If you're buying your first home, the idea of looking at things like St. Albert real estate may feel like you're staring down a big problem. You might not know which items to consider, how much to have saved up, or even how to put in an offer. It's not as scary or complicated as some media may lead you to believe: but it is essential to be smart about your decisions. Here are some ways to educate yourself without having to become a realtor yourself!
Read up on the market
The first thing you should look into is what your market is currently looking like. A buyers' market is when the supply is higher than the demand, and a lot of people are trying to offload their homes quickly. This panic means you'll have a better chance at naming your price- and that there's a more significant possibility that you'll get other perks thrown in. You may see things like sellers paying closing costs and homes selling below market value during a buyers' market.

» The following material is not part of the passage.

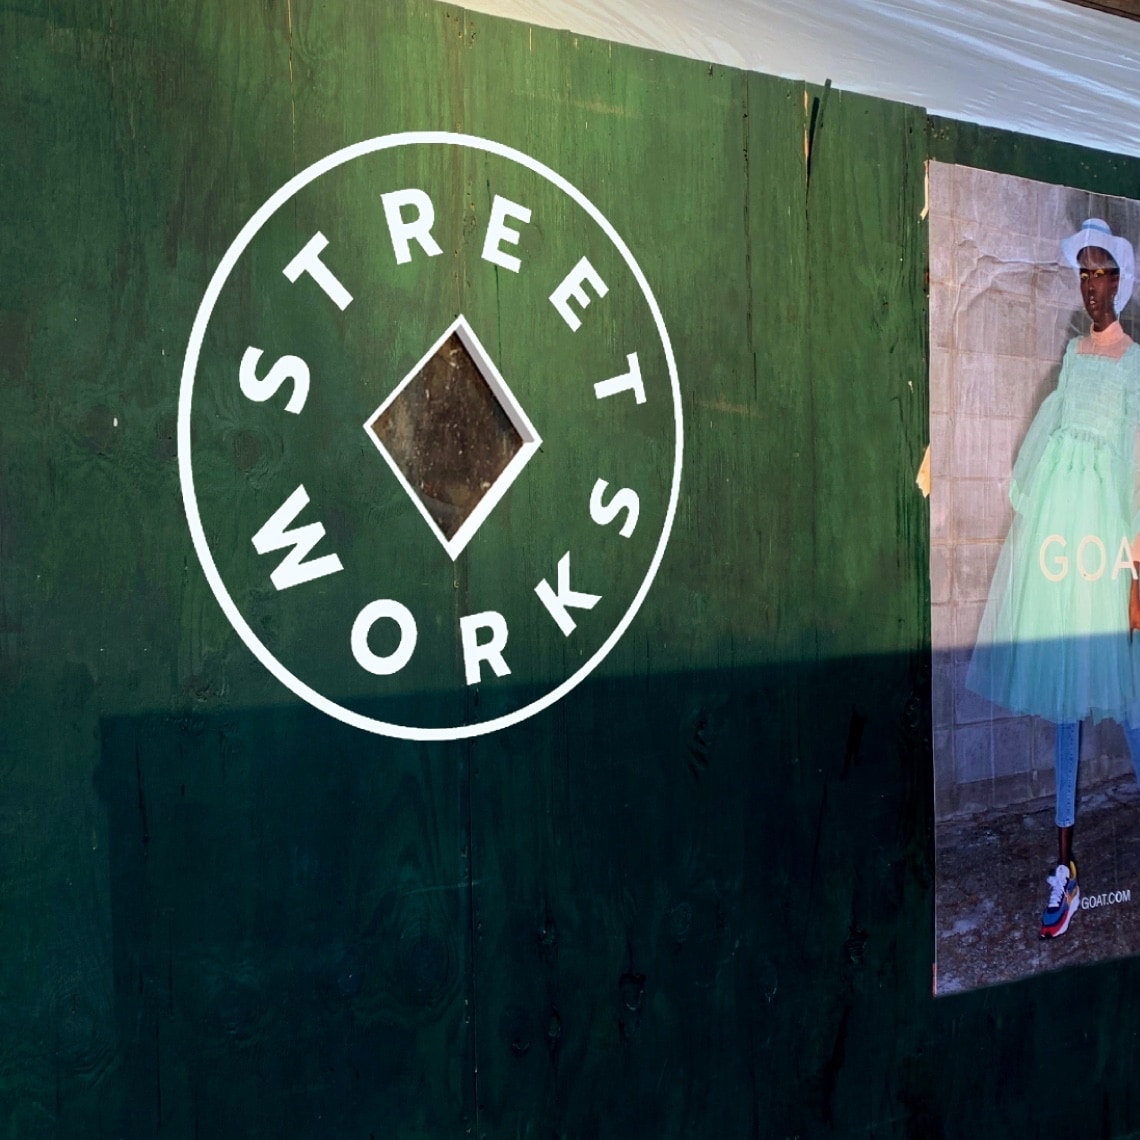 A green wall with the image of a woman and the Street Works logo applied to it

A sellers' market is when there's more demand than supply. This market typically means the shoe is on the other foot, and sellers can be more selective. This type is when bidding wars are most common, and homes often get sold for way above market value. In some cases, houses don't even have to be appropriately staged to sell quickly.
Learn by doing
If you're buying a home, or someone you know is buying a home, learn by going through the steps. You should find what you can afford, find a loan, and then be ready to apply to houses with that loan in hand. Although you don't necessarily have to have the loan yet, it makes your offer more convincing when you make the offer if you have an agreement in principle. This shows the lenderes are willing to lend to you and you are a serious buyer.
Calculate what you can afford
Think about how much you could afford to pay per month. A good piece of advice is never to get a house with payments worth more than a third of what you make in a month. To break this down, if you make three thousand pounds a month- you can afford a one thousand pound house payment. That's twelve thousand a year. If you're going off a ten-year loan, you can afford a £120,000 home- if you're going on a thirty-year mortgage, it's more like £360,000. Consider if you have any substantial life changes coming up soon and whether those would affect your financial situation. Also, if there are two of you buying together then you can include both of your incomes.
Look into loans in your area
Shop around at banks and lenders to find rates that match what you're going to be able to pay. Do not, under any circumstances, apply to all of them because that many applications could affect your credit and ruin your chances at being able to get a loan and then buy the home. Look for the best rates, and then apply to one financial institution only. You will have to have a down payment, ranging from ten to twenty percent, which means you may need to have twelve to twenty-four thousand pounds on hand. Start saving this deposit as soon as you can - it's the very first step in house buying as you can't usually get a mortgage offer without first having a deposit.